Can anyone explain how the complexity of option C is O(logn).

# Explain Option C

**mpmaan**#3

In option D,’ i’ is repeatedly divided by 2. At some point, ‘i’ will become 0. After that ‘i/2’ will still be 0. So, I think that it is an infinite loop. (condition : i > -1)

**dishom**#4

i=1,2^1,2^2,2^3…let 2^k

loop became false @ i>n

i.e, 2^k>n

therefore k=log n

and out of the 4 staement logn is the lowest time used ,so efficient

i starts from 1 and then increments as follows :

**i = 1**

**i = 2**

**i = 2^2**

**i = 2^3**

**.**

**.**

**.**

**i = 2^k** where k is an arbitrary integer.
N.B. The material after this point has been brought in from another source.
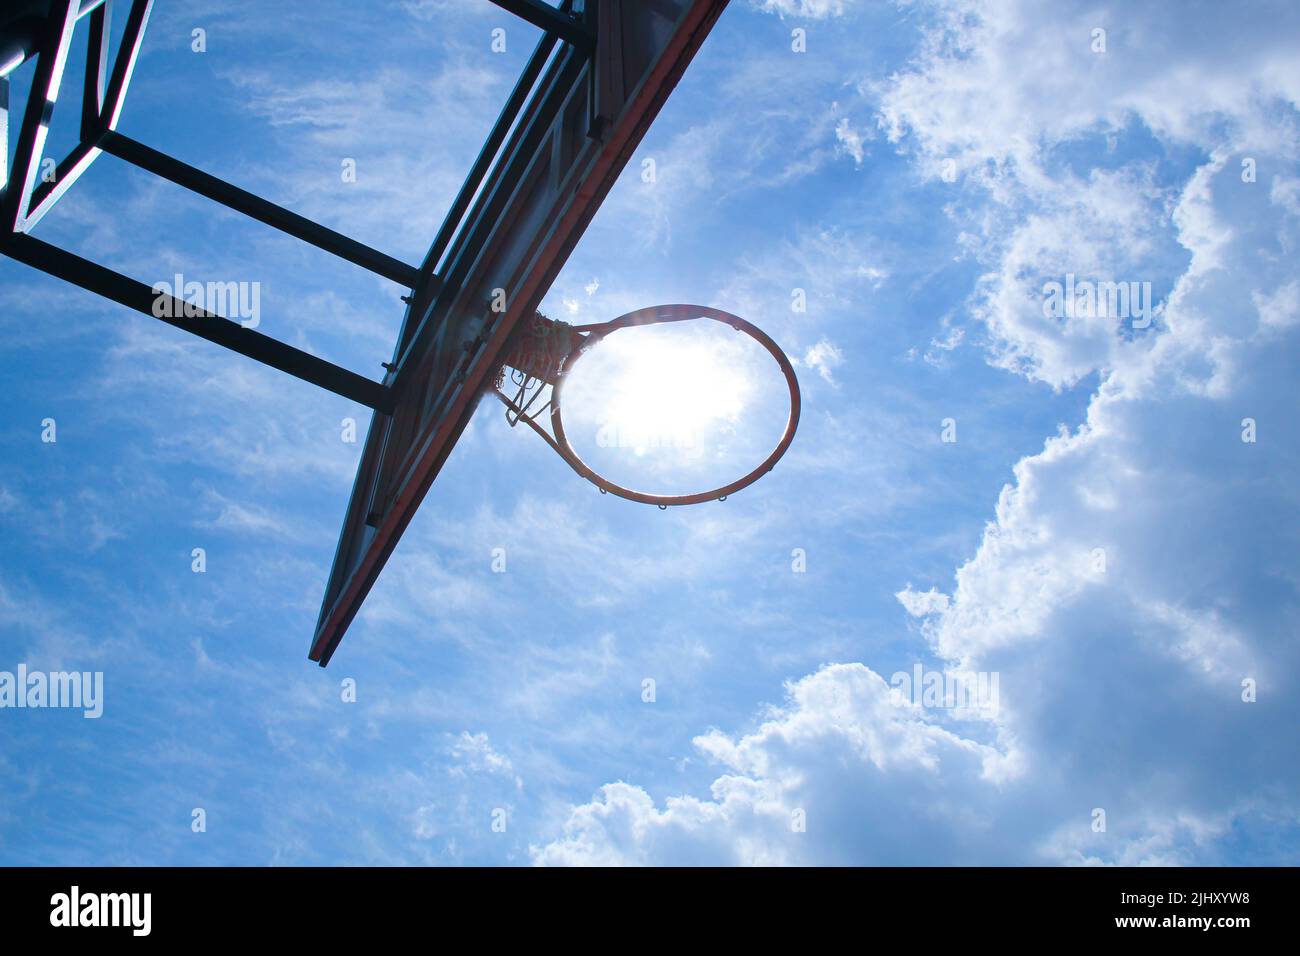 Basketball ring on the background a blue sky with white clouds and bright sun. Basketball hoop on a shield on an outdoor sports ground. Basketball equ Stock Photo
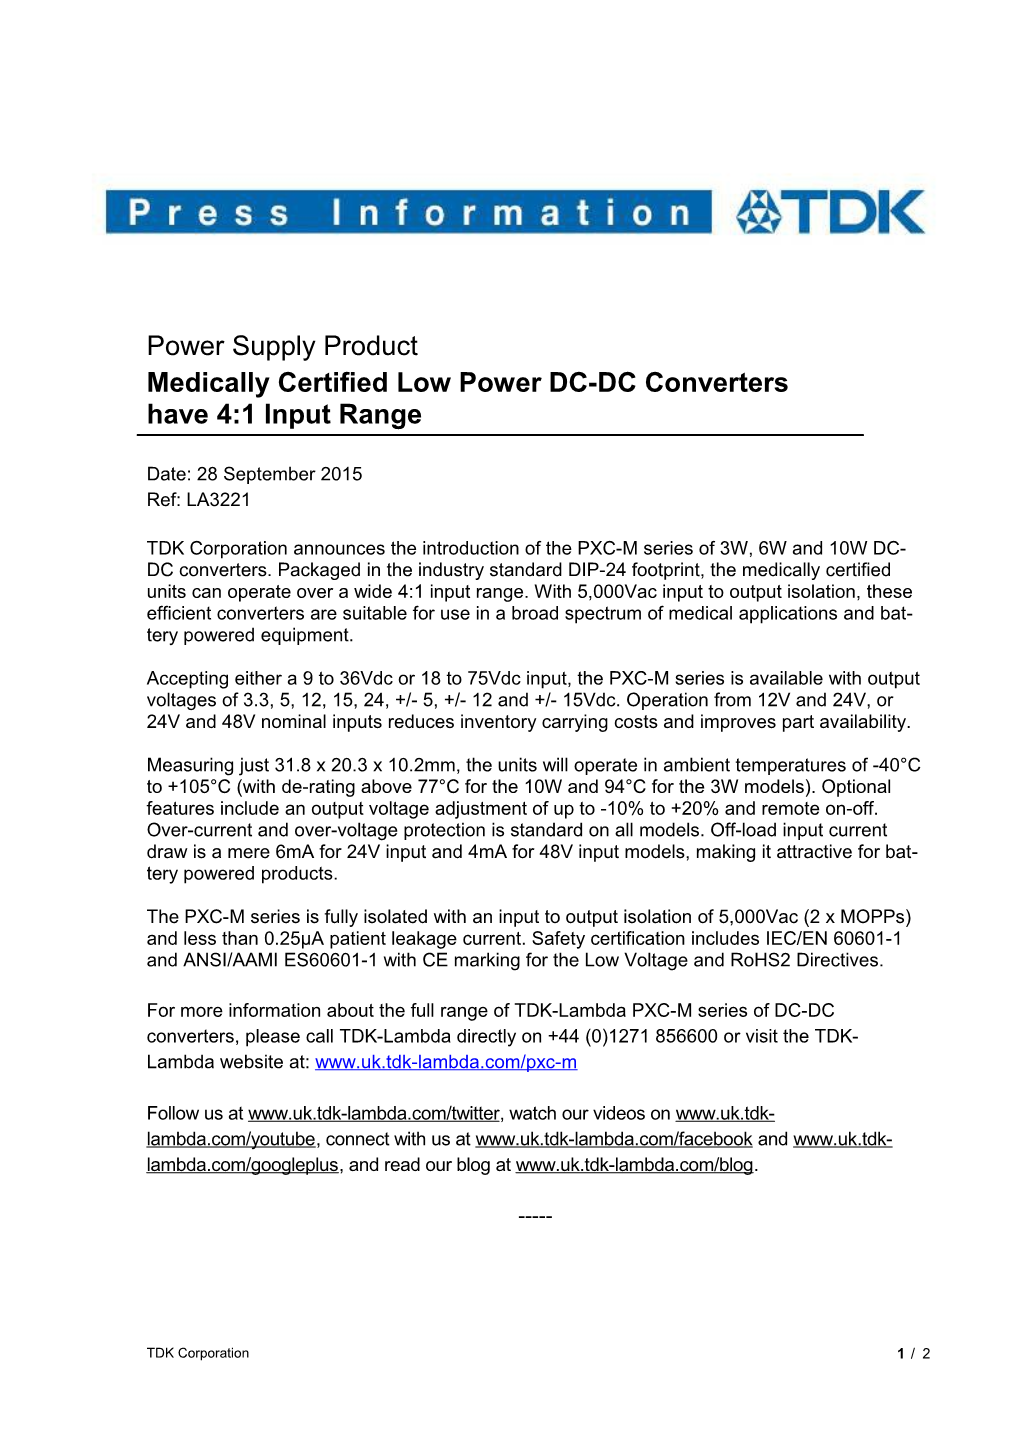 TDK Corporation Announces the Introduction of the PXC-M Series of 3W, 6W and 10W DC-DC

**the upper limit of loop is i < n.**

**=> 2^k = n-1**

for calculating time complexity we use Apriori analysis hence *use approximations*

therefore using approximation here

2^k = n

Taking log (with base 2) on both sides , we get :

**=> log (2^k) = log n**

**=> k log 2 = log n**

**=> k = log n --(1)**

So , one iteration time complexity is O(1) then for k iterations time complexity will be O(k).

Using equation (1), we get :

**T(n) = O(log n)**